Going Agentic — From Tokens to Autonomous Action

If you've attended my workshops, you've heard me say this: "A language model on its own is stateless, memoryless, and passive." It waits. It responds. It forgets. So how do we get from that — a next-token predictor — to an autonomous agent that can book your flights, write code, run tests, and fix its own bugs?

That's what going agentic means. And it builds directly on transformer fundamentals you already know. Let's go layer by layer.

01 — Foundations

What the transformer is actually doing

Before we build an agent, let's re-anchor on the mechanism. A transformer takes a sequence of tokens, processes them through stacked self-attention + feed-forward layers, and outputs a probability distribution over the vocabulary. That's it.

The critical insight for agentic AI: the output doesn't have to be prose. It can be structured JSON. A function call. A decision. This is the bridge from "chatbot" to "agent."

Fig 1 — From next-token prediction to action selection

The transformer doesn't change — only what we ask it to generate.

Key insight: "Tool calling" is not a special mode. It's just token generation with a prompt that says: "If you need to act, output JSON in this schema." The model samples from its vocabulary distribution — and we've shaped that distribution to prefer well-formed JSON over prose.

02 — The Core Loop

The ReAct loop: Reason → Act → Observe

A single forward pass gives you one response. An agent chains many. The ReAct pattern (Yao et al., 2022) is the most common architecture: the model alternates between reasoning in natural language and executing tool calls, with each observation fed back as context for the next step.

This works because of something fundamental about transformer attention: the entire history is in the context window. Every prior reasoning step and observation is attended to at every layer. The model doesn't just see the last message — it attends across the full trajectory.

Fig 2 — The ReAct agentic loop

Each loop iteration appends tokens to context. The transformer attends to the full history at every step.

Here's the transformer connection that often gets missed: every observation from a tool becomes part of the key-value (KV) cache. When the model "thinks" in the next step, self-attention queries span the entire trajectory. The model isn't summarizing what happened — it's attending to it directly. This is why long context windows matter enormously for agentic reliability.

Thinking: Chain-of-thought in context

The model generates "scratch-pad" tokens — reasoning steps like "I need to search for flights from Phoenix to JFK. Let me call search_flights." These tokens are in the context window. They attend to the original task, system prompt, and any prior results. This is just autoregressive generation — no magic.

In your prompt, you typically say: "Think step-by-step. When you need to act, output a JSON tool call."

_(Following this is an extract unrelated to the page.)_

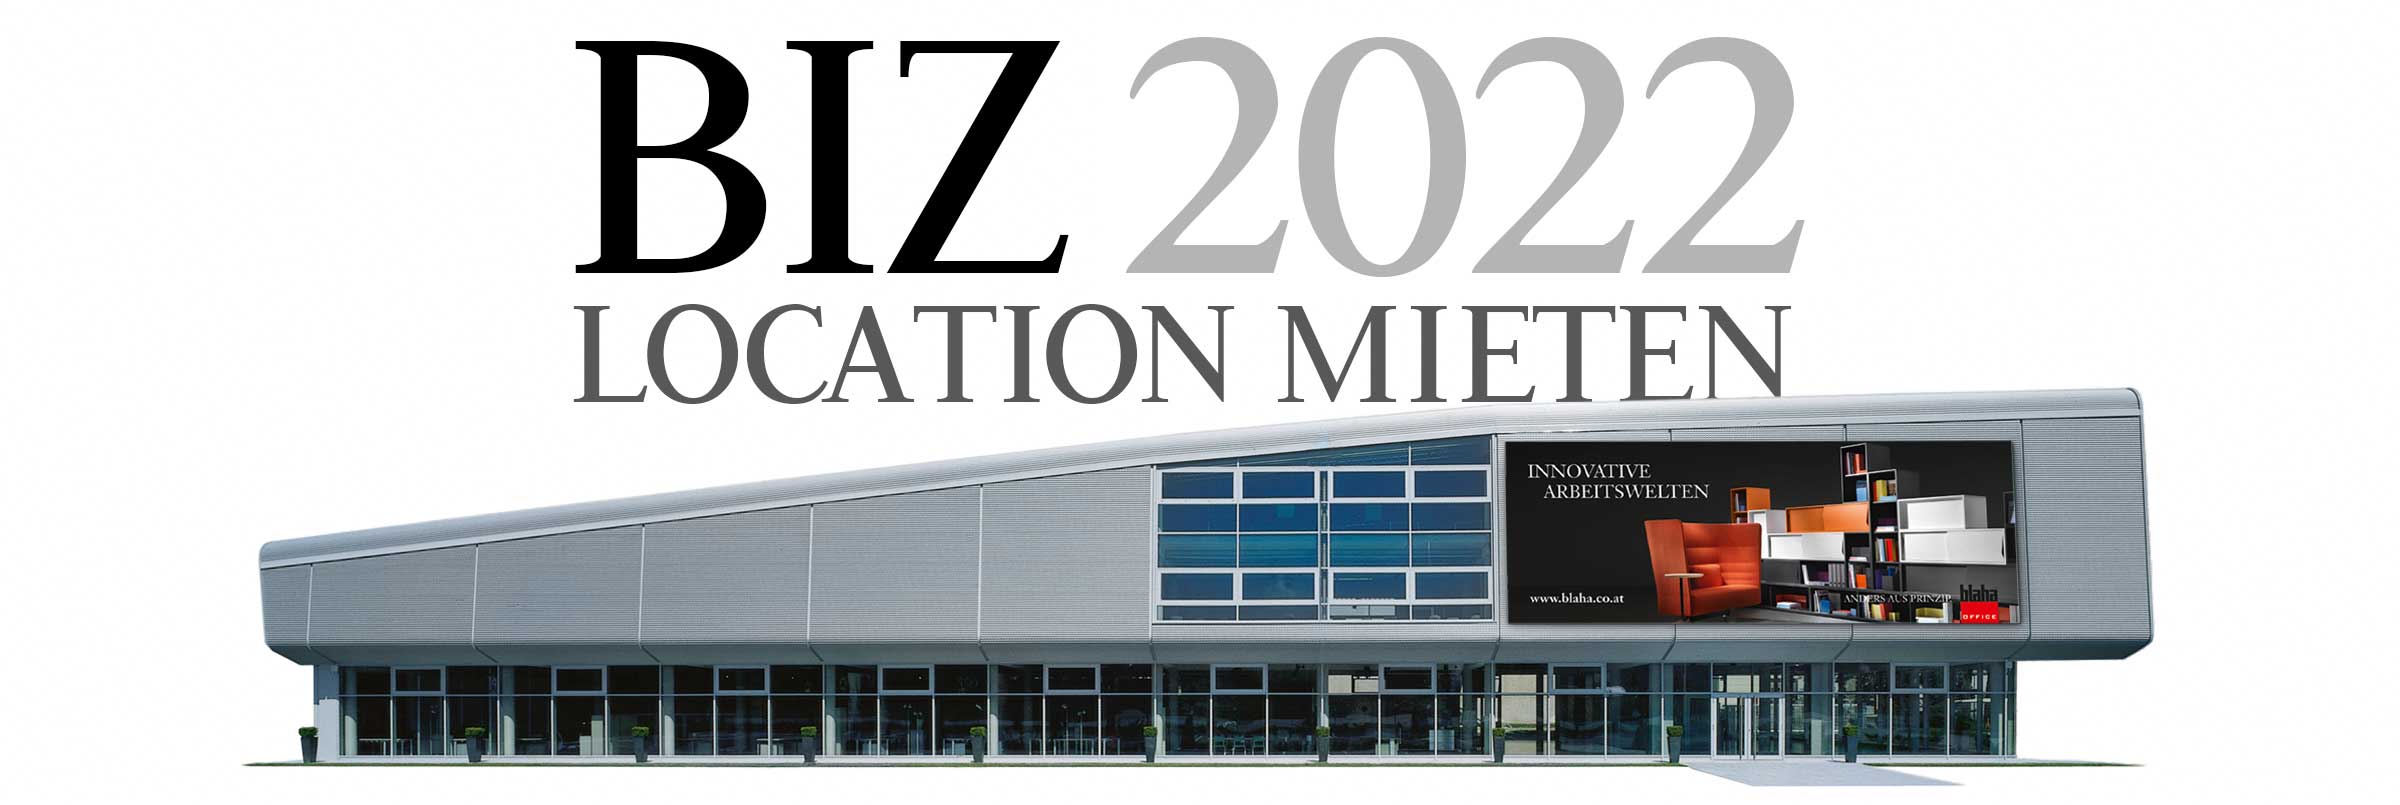 f21 header 2022 2400 locationmieten

Acting: Structured JSON → external API

The model outputs structured JSON instead of prose. Your orchestrator (Python, TypeScript, whatever) parses that JSON, routes it to the right function — a search API, a database query, a code executor — and captures the result.

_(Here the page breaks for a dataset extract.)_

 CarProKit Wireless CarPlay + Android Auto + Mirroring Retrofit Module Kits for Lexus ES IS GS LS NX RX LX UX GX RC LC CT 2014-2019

Example output: {"tool": "search_flights", "args": {"origin": "PHX", "dest": "JFK", "date": "2026-05-01"}}

Observing: Results become tokens

The tool result gets serialized as a string and appended to the conversation as a new message — typically tagged as a "tool result" role. This extends the context window. On the next forward pass, every attention head can query this result.

This is the secret: the model "remembers" results not through internal state, but through extended context that it attends to.

Repeat until done

The orchestrator checks if the model returned a final answer or another tool call. If it's a tool call, repeat. If it's a final answer, return it to the user. Simple loops run 3–5 iterations. Complex agents may run dozens.

Your main engineering challenge: stopping conditions, error handling, and context window budget management.

03 — Architecture

Anatomy of a production agent

A well-built agent has five distinct concerns. Understanding which layer handles what will save you days of debugging.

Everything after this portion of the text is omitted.